Kitty Miv, Editor
13 April, 2022
Having looked last week at various recent VAT developments, this week we will be focusing on anti-avoidance initiatives, starting - unsurprisingly - with the OECD, which is seeking public comments on its Two-Pillar Solution to Address the Tax Challenges Arising from the Digitalization of the Economy.
The newly announced consultation aims to gather views (by April 20) on the Draft Model Rules for Domestic Legislation on Scope under Amount A of Pillar One.
The purpose of the scope rules is to determine whether a Group will be in scope of Amount A. The rules are designed to ensure Amount A only applies to large and highly profitable Groups. The OECD explained that they have been drafted to apply "in a quantitative manner, such that they are readily administrable and provide certainty as to whether a taxpayer is within scope."
Then later in the week, on a more domestic note, the UK tax agency, HM Revenue and Customs used new legal powers to name tax avoidance schemes and their promoters for the first time.
HMRC warned that taxpayers involved in equity participation schemes offered by two newly named providers should withdraw immediately to avoid building up a large tax bill.
Mary Aiston, HMRC's Director of Counter Avoidance, explained that: "These schemes are cynically marketed as clever ways to pay less tax. The truth is they rarely work in the way the promoters claim and it's the users that end up with big tax bills."
Both schemes involve individuals agreeing an employment contract and working as a contractor. The schemes pay contractors the National Minimum Wage with the remainder of their wage paid through a loan to try to avoid National Insurance and income tax.
HMRC said, by releasing the details of these schemes, the agency is seeking to let taxpayers know as early as possible so they can steer clear of them or exit them. HMRC intends to regularly update the list by publishing the details of other tax avoidance schemes and their promoters.
While back on the international anti-avoidance front, the Government of Jersey has set out its plans with regard to the OECD's broader initiative.
On April 12, the Jersey Government published a policy paper that outlined proposed changes to ensure that Jersey remains an internationally competitive and attractive place to do business. The paper, "OECD Pillars 1 & 2 - Tax Policy Reflections", sets out the Government of Jersey's current policy thinking on the recommendations made by the OECD.
According to the Jersey Government, the changes are unlikely to affect many companies located in the island. It noted, "the introduction of the two pillar initiative applies to organizations that meet revenue thresholds of EUR20bn for Pillar One, or more than EUR750m for Pillar Two.
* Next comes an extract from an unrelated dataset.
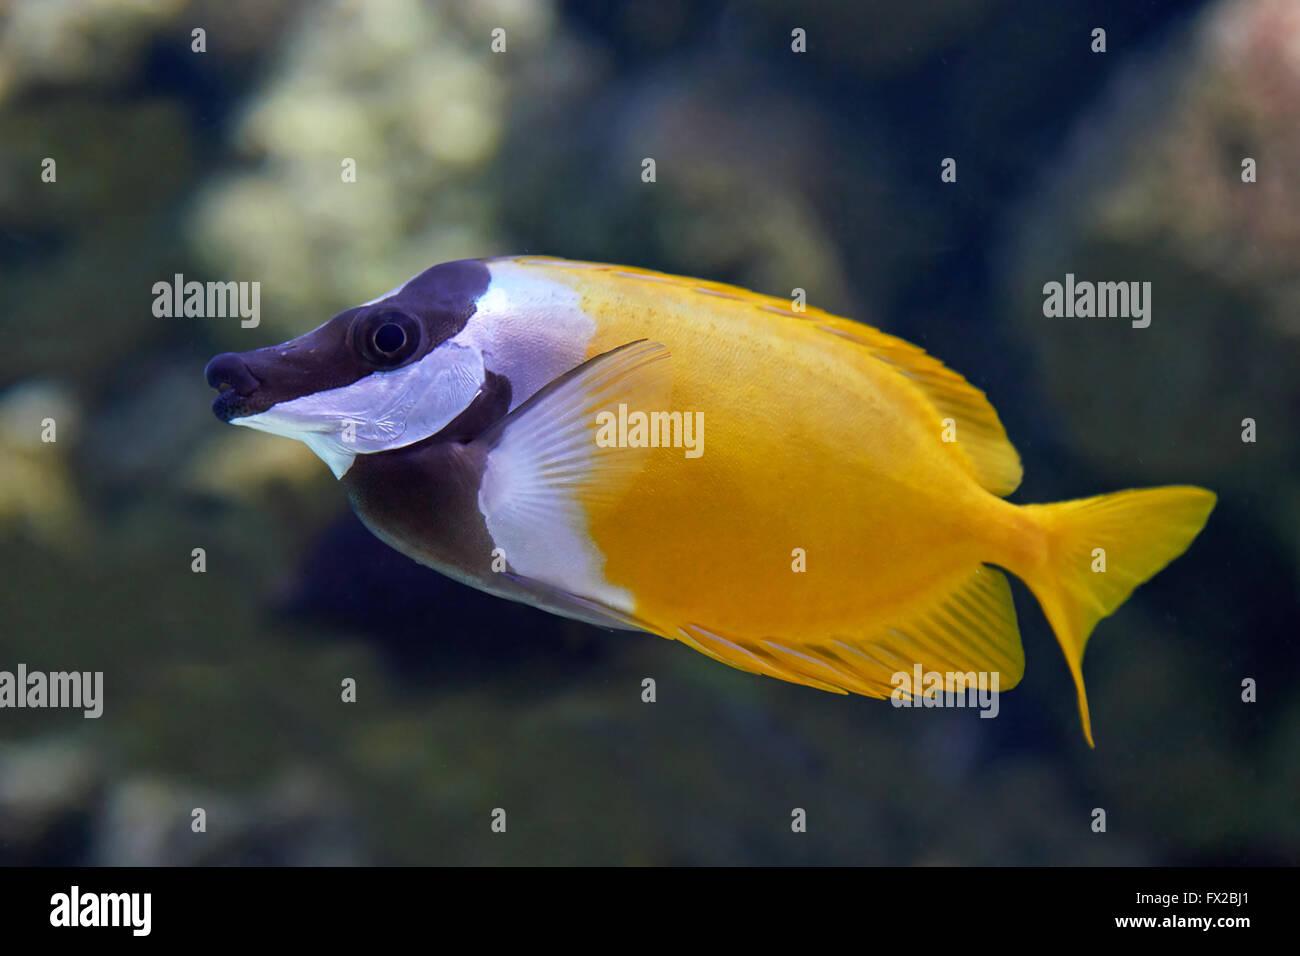 foxface fish stock photos foxface fish stock images alamy

Companies outside of these categories will remain under the existing corporate income tax regime."
The paper suggested that, "when it comes to implementing the GloBE [ Global Anti-Base Erosion Model Rules] rules, the best choice for Jersey may be to implement GloBE with a 15 percent domestic minimum tax for companies that are part of in-scope GloBE groups." It says "This is likely to offer the greatest certainty and simplicity to business."
It went on to reveal that "if Jersey decides to implement GloBE, that implementation is not likely to take place before 1 January 2024," and confirms "Jersey's domestic corporate tax regime would remain unchanged for those companies outside the scope of GloBE."